• [Exercise details] Print out the data precisely as it appears here, with no pictures.

• [Data excerpt]
┄┄┄┄┄┄┄┄┄┄┄┄┄┄┄┄┄┄┄┄

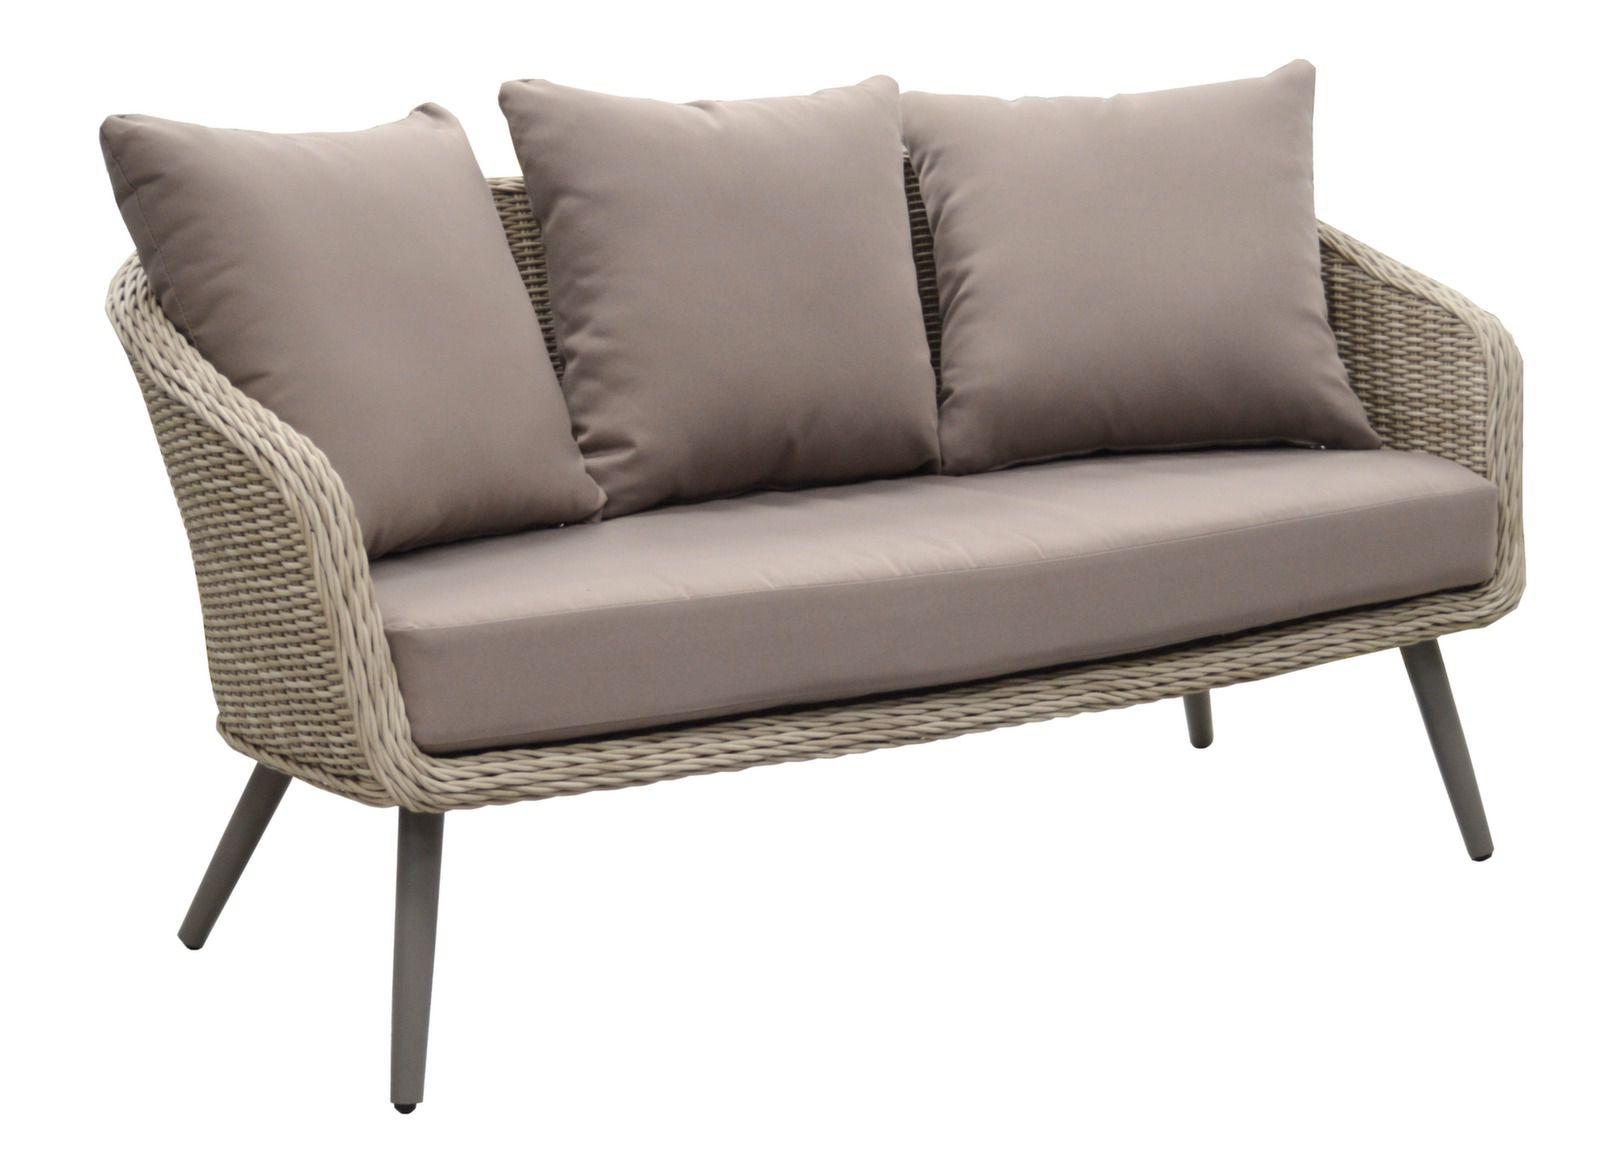 salon de jardin augusta canap fauteuils table basse. Black Bedroom Furniture Sets. Home Design Ideas
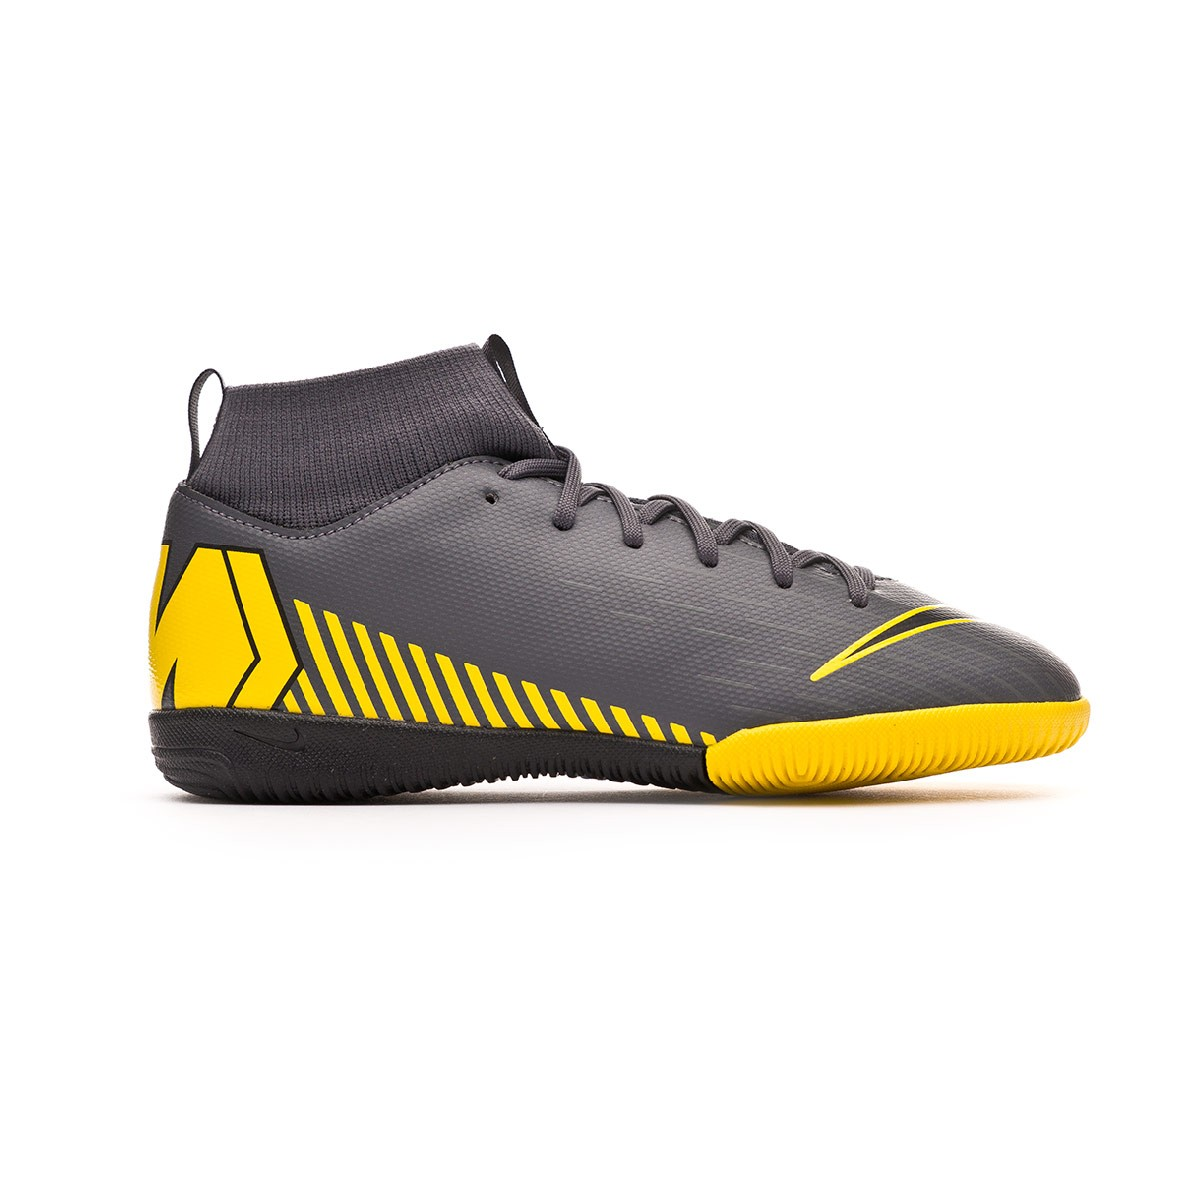 Chaussure de futsal Nike Mercurial SuperflyX VI Academy IC enfant
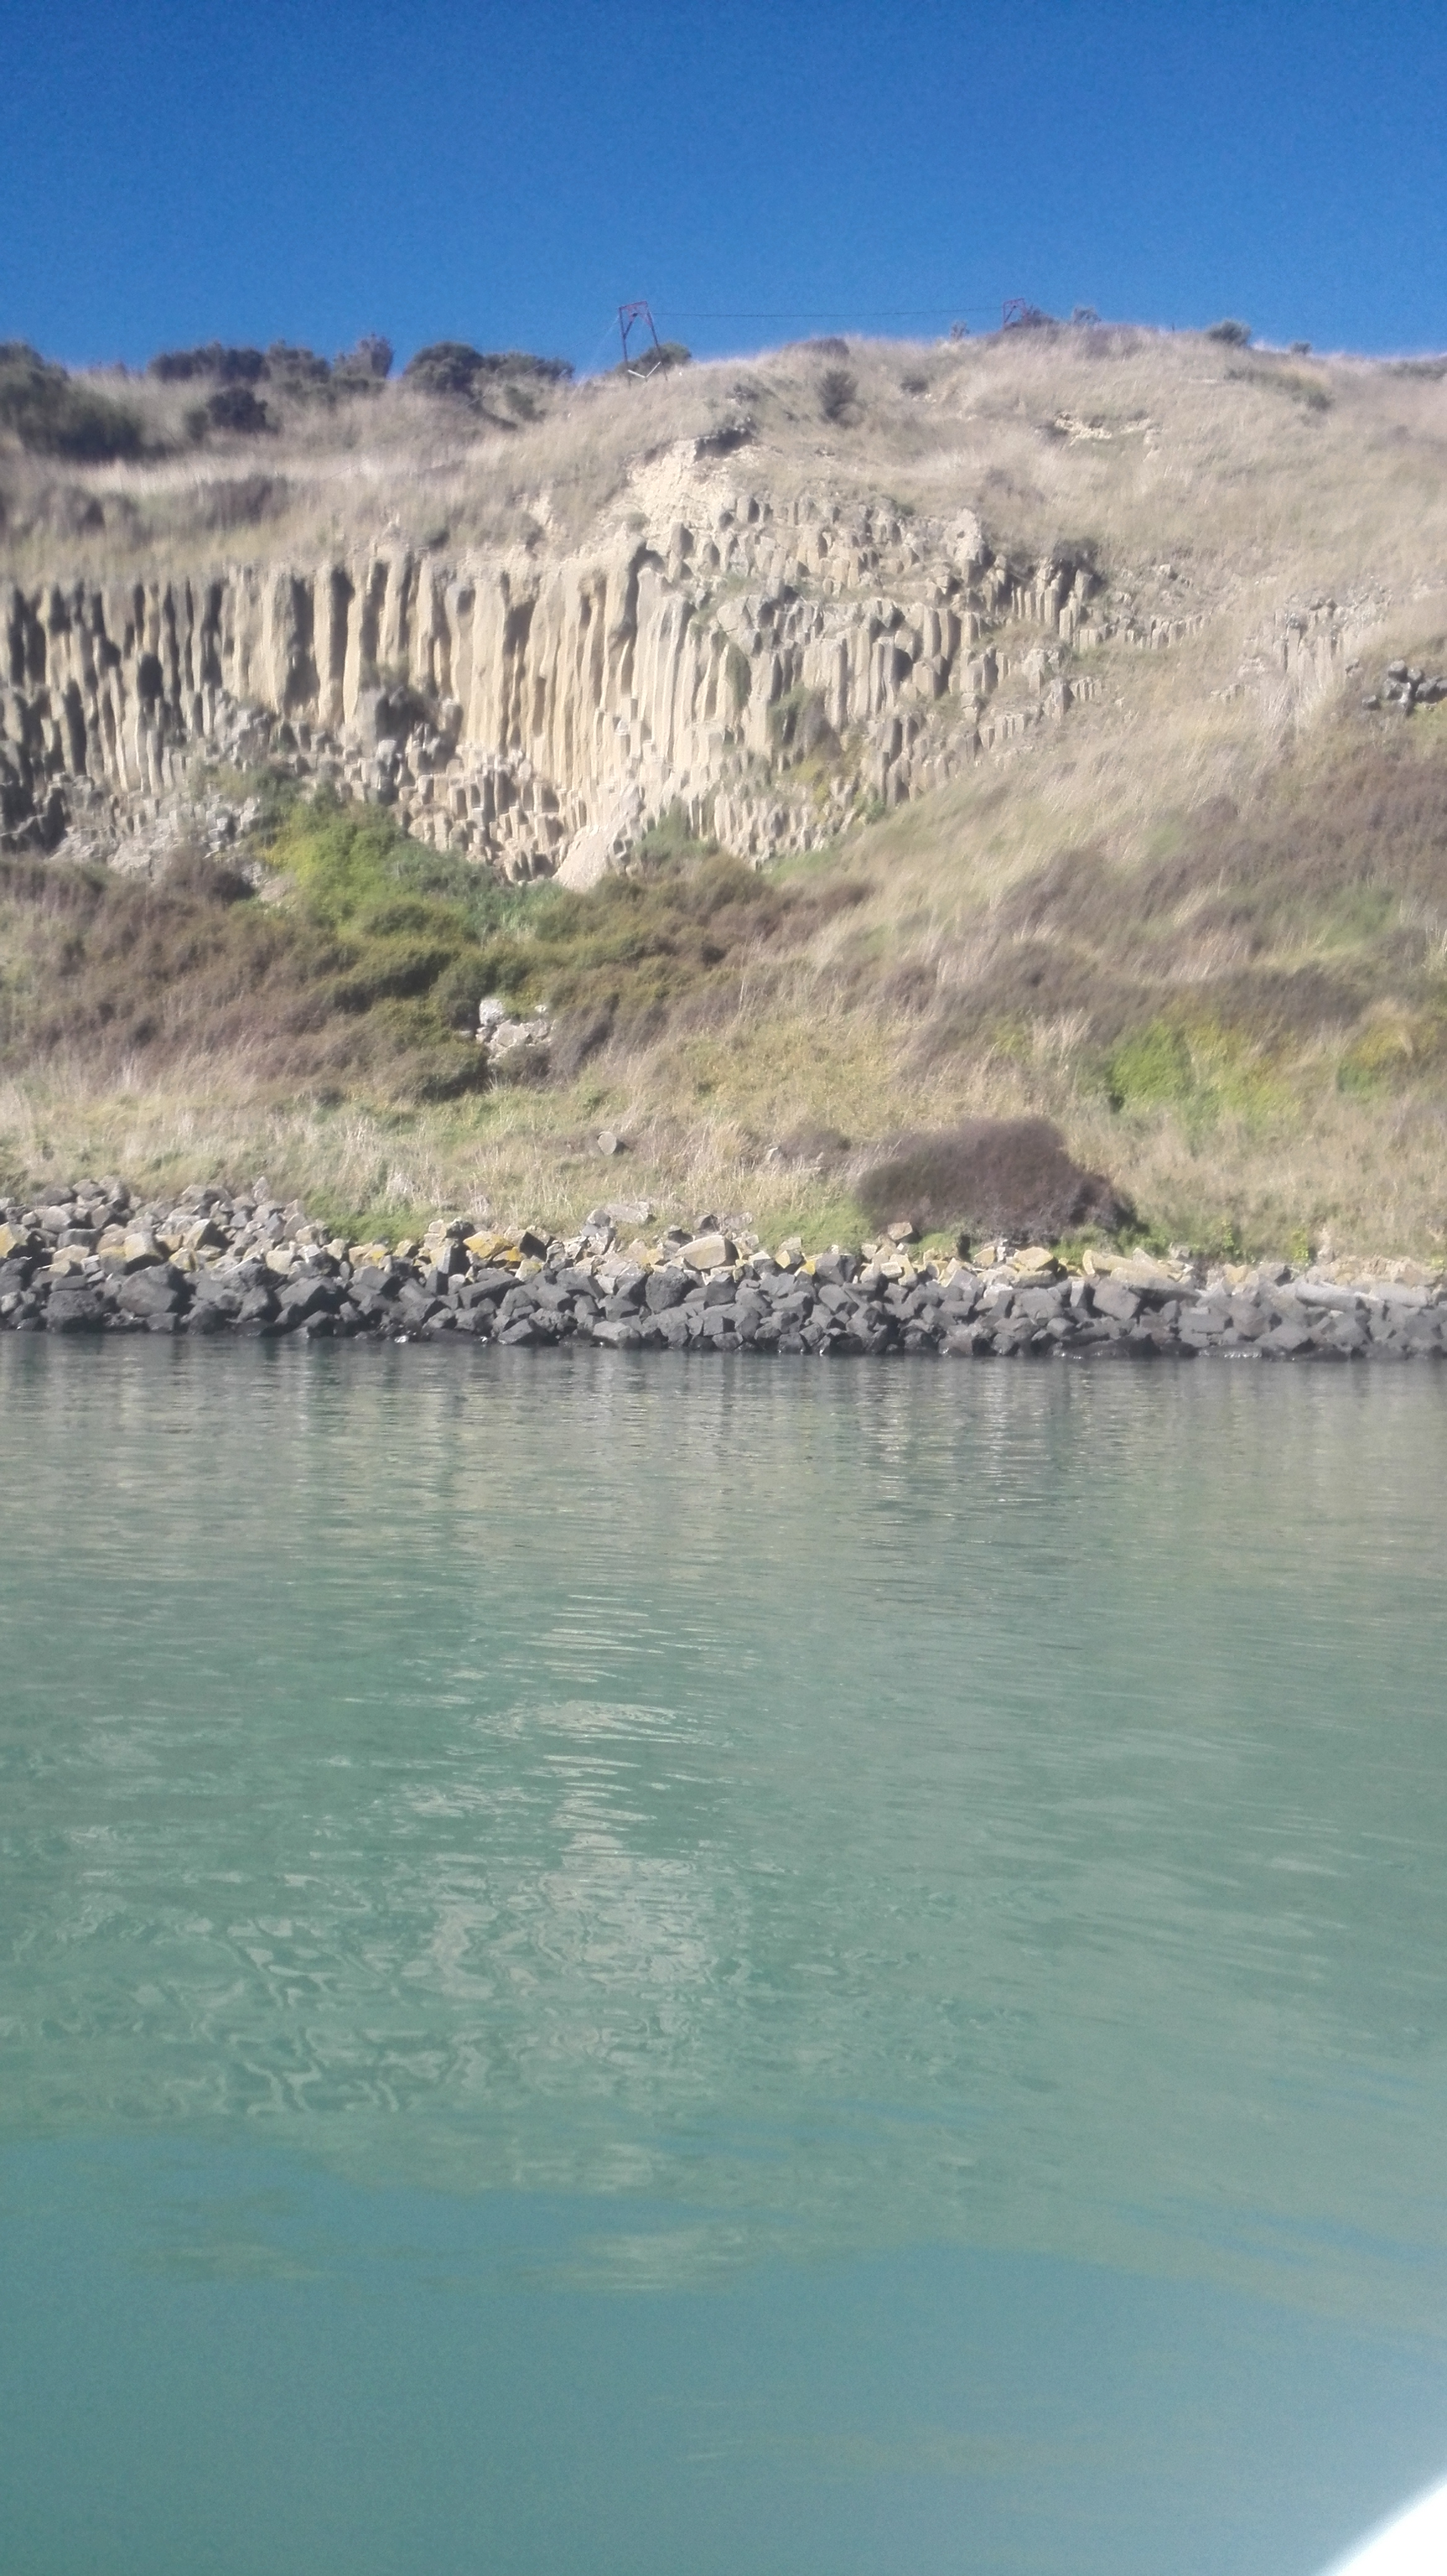 3-sandstone-Quail-Island-Lyttelton.jpg

┄┄┄┄┄┄┄┄┄┄┄┄┄┄┄┄┄┄┄┄

• [Solution to this problem]
 salon de jardin augusta canap fauteuils table basse. Black Bedroom Furniture Sets. Home Design Ideas
 Chaussure de futsal Nike Mercurial SuperflyX VI Academy IC enfant
 3-sandstone-Quail-Island-Lyttelton.jpg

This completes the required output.